如何将可迭代文件分割为常量大小的块

奇怪的是，在 Python2.x 中似乎对我很有用

>>> def batch(iterable, n = 1):
...    current_batch = []
...    for item in iterable:
...        current_batch.append(item)
...        if len(current_batch) == n:
...            yield current_batch
...            current_batch = []
...    if current_batch:
...        yield current_batch
...
>>> for x in batch(range(0, 10), 3):
...     print x
...
[0, 1, 2]
[3, 4, 5]
[6, 7, 8]
[9]

Itertools 模块中的配方提供了两种方法来实现这一点，具体取决于您希望如何处理最终的奇数批量(保留它，用一个填充值填充它，忽略它，或引发异常) :

from itertools import islice, zip_longest


def batched(iterable, n):
"Batch data into lists of length n.

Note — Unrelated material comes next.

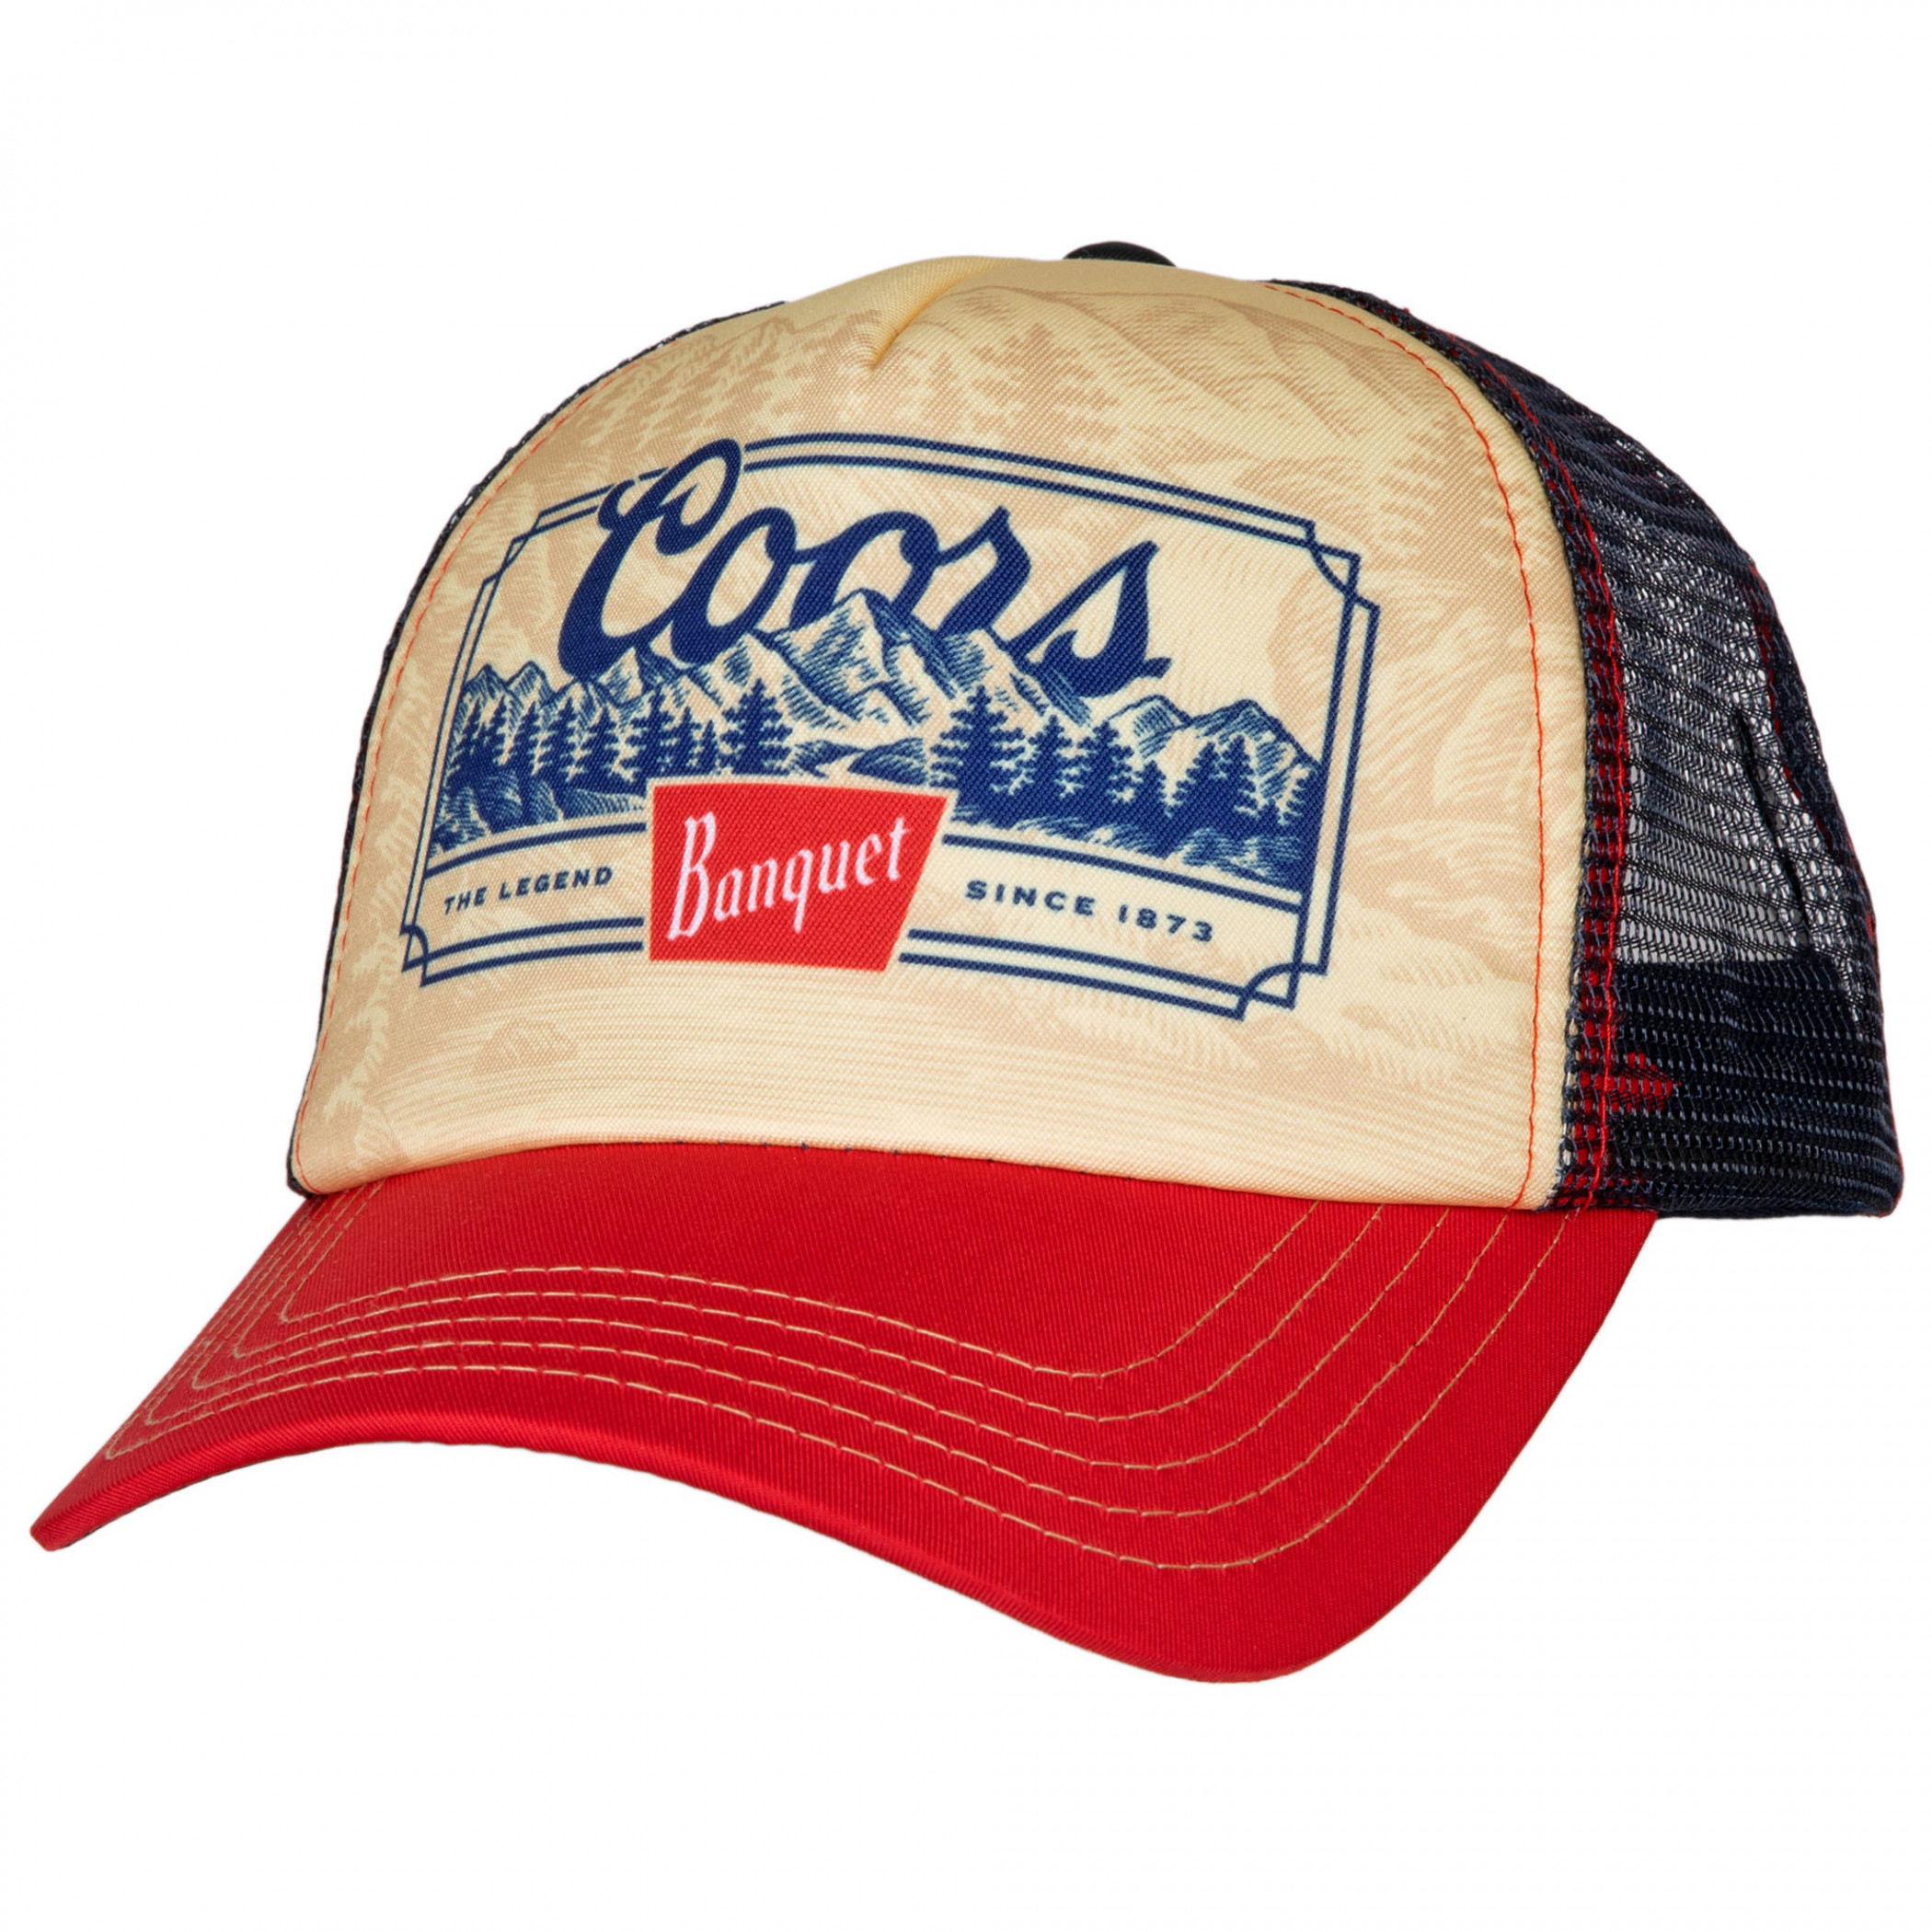 Coors Banquet Mesh Back Snapback Trucker Hat

The last batch may be shorter."
# batched('ABCDEFG', 3) --> ABC DEF G
it = iter(iterable)
while True:
batch = list(islice(it, n))
if not batch:
return
yield batch


def grouper(iterable, n, *, incomplete='fill', fillvalue=None):
"Collect data into non-overlapping fixed-length chunks or blocks"
# grouper('ABCDEFG', 3, fillvalue='x') --> ABC DEF Gxx
# grouper('ABCDEFG', 3, incomplete='strict') --> ABC DEF ValueError
# grouper('ABCDEFG', 3, incomplete='ignore') --> ABC DEF
args = [iter(iterable)] * n
if incomplete == 'fill':
return zip_longest(*args, fillvalue=fillvalue)
if incomplete == 'strict':
return zip(*args, strict=True)
if incomplete == 'ignore':
return zip(*args)
else:
raise ValueError('Expected fill, strict, or ignore')

这可能更有效(更快)

def batch(iterable, n=1):
l = len(iterable)
for ndx in range(0, l, n):
yield iterable[ndx:min(ndx + n, l)]


for x in batch(range(0, 10), 3):
print x

示例使用列表

data = [0, 1, 2, 3, 4, 5, 6, 7, 8, 9, 10] # list of data


for x in batch(data, 3):
print(x)


# Output


[0, 1, 2]
[3, 4, 5]
[6, 7, 8]
[9, 10]

它避免了建立新的列表。

正如其他人指出的那样，您提供的代码完全可以满足您的需要。对于使用 itertools.islice的另一种方法，您可以看到以下配方的 例子:

from itertools import islice, chain


def batch(iterable, size):
sourceiter = iter(iterable)
while True:
batchiter = islice(sourceiter, size)
yield chain([batchiter.next()], batchiter)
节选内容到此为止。